_WORK TO COMPLETE:_ Skip the images and print the listing exactly.

_GIVEN DATA:_
* * *

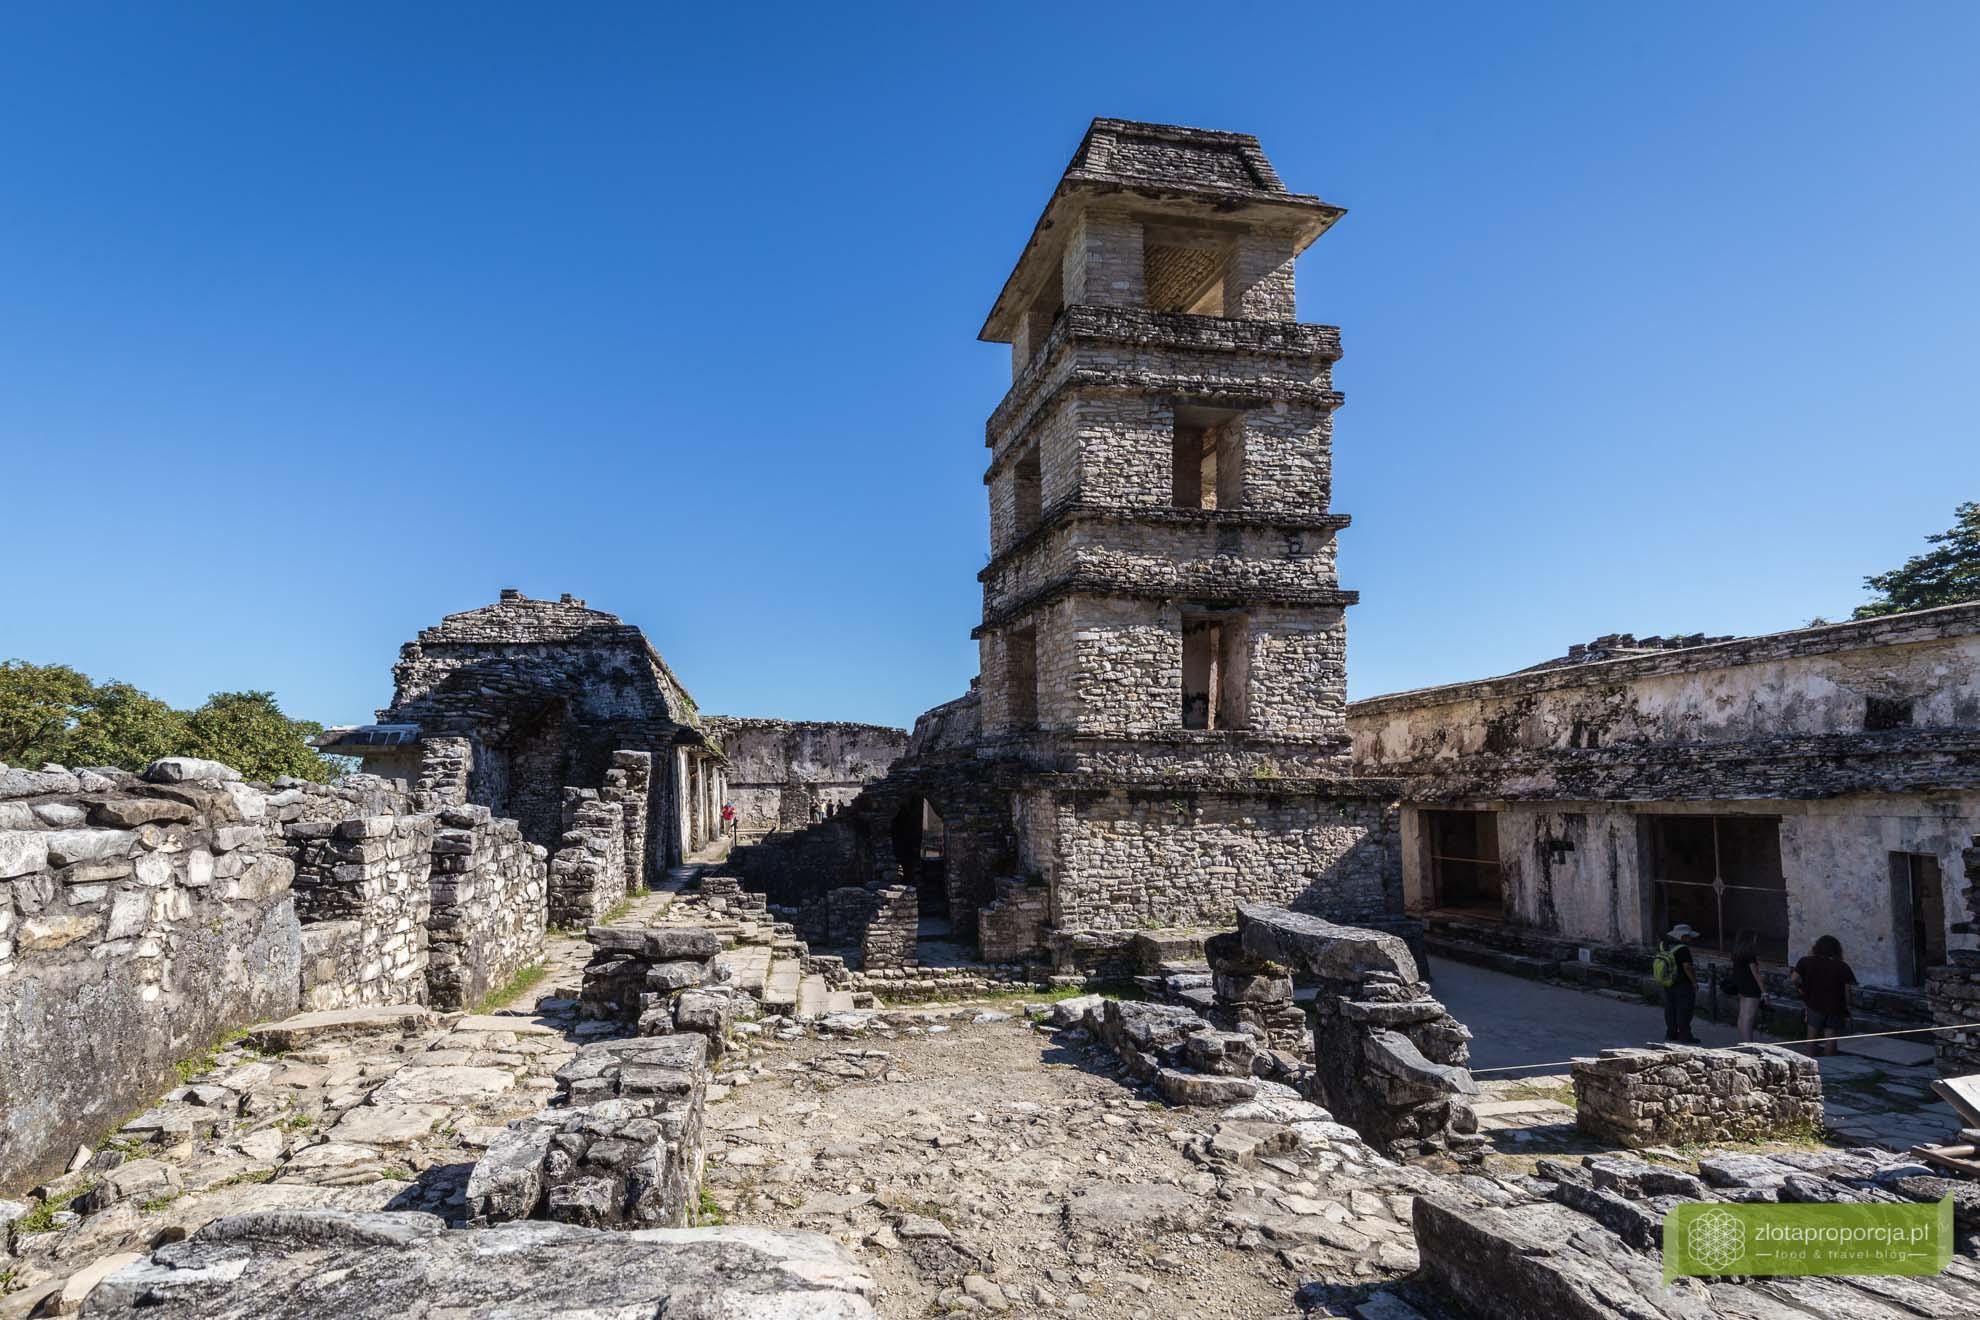 Meksyk, Miasta Majów, strefy archeologiczne na Jukatanie; Majowie budowle, Miasta Majów Meksyk, Majowie osiągnięcia; Palenque, Miasta Majów Chiapas, Chiapas; El Castillo
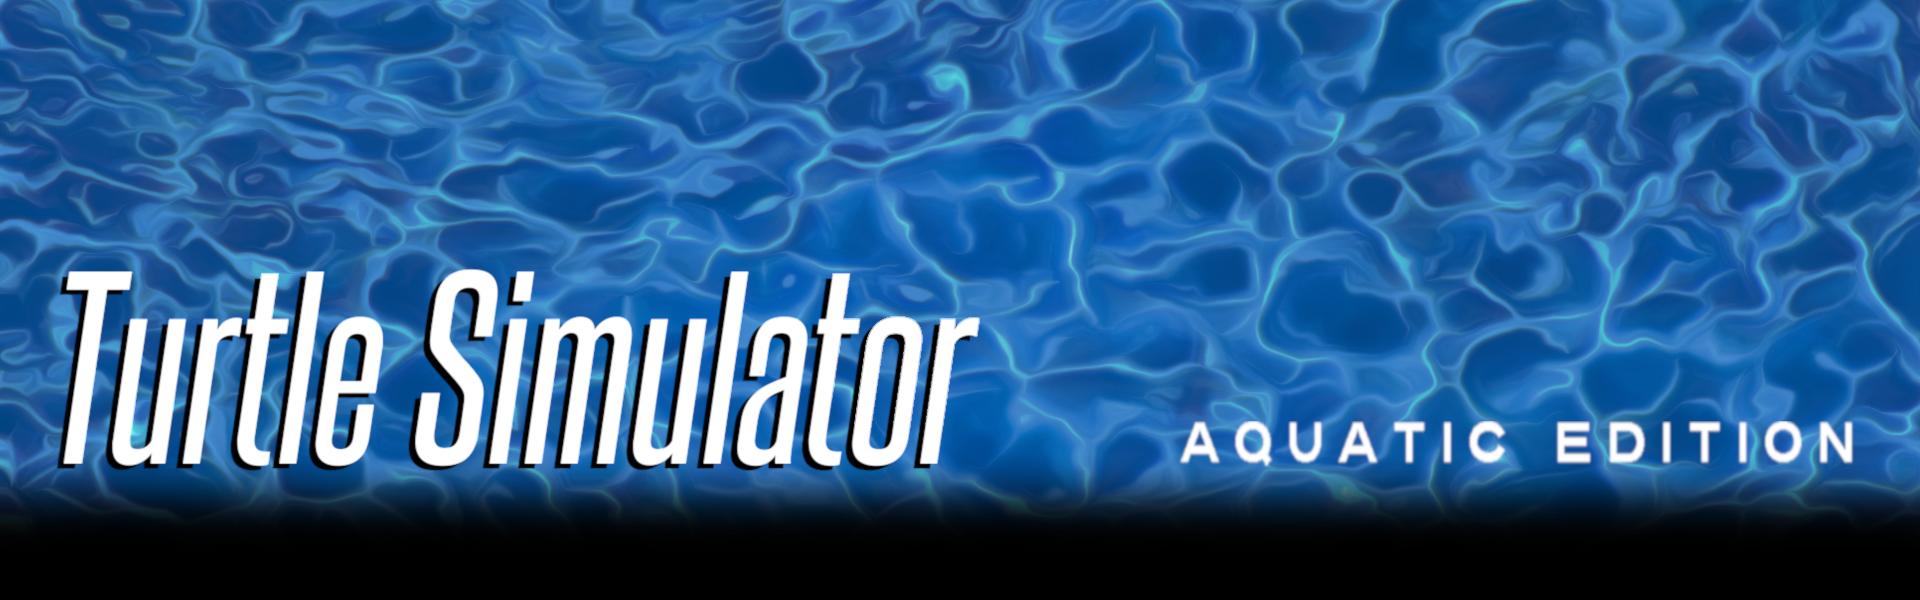 Turtle Simulator: Aquatic Edition
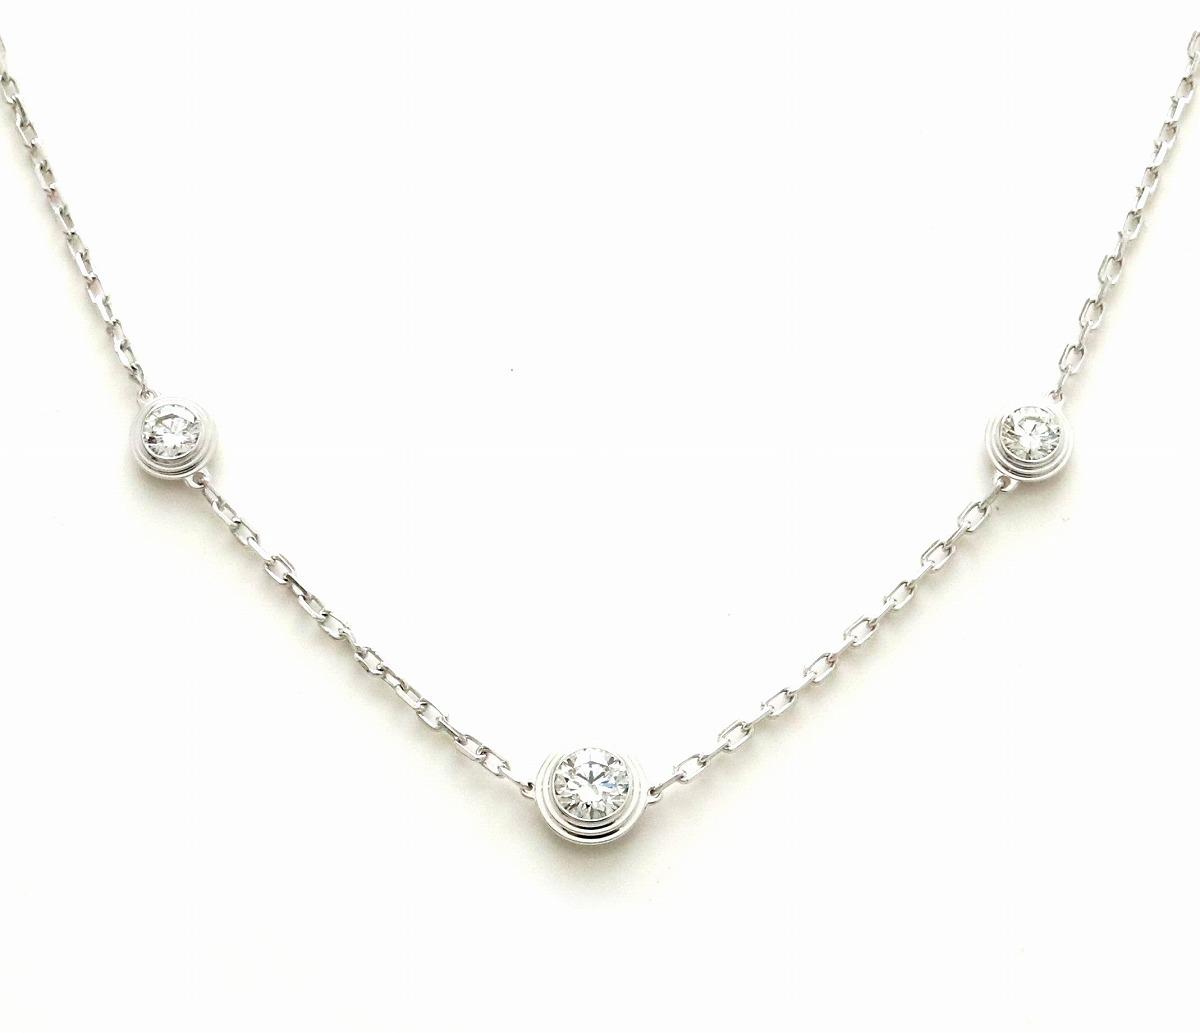 【ジュエリー】【新品仕上げ済】Cartier カルティエ ディアマン レジェ ドゥ カルティエ ネックレス 3PD K18WG 750WG ホワイトゴールド ダイヤモンド B7215300 【中古】

* * *

_OUTPUT FOR THIS EXERCISE:_
 Meksyk, Miasta Majów, strefy archeologiczne na Jukatanie; Majowie budowle, Miasta Majów Meksyk, Majowie osiągnięcia; Palenque, Miasta Majów Chiapas, Chiapas; El Castillo
 Turtle Simulator: Aquatic Edition
 【ジュエリー】【新品仕上げ済】Cartier カルティエ ディアマン レジェ ドゥ カルティエ ネックレス 3PD K18WG 750WG ホワイトゴールド ダイヤモンド B7215300 【中古】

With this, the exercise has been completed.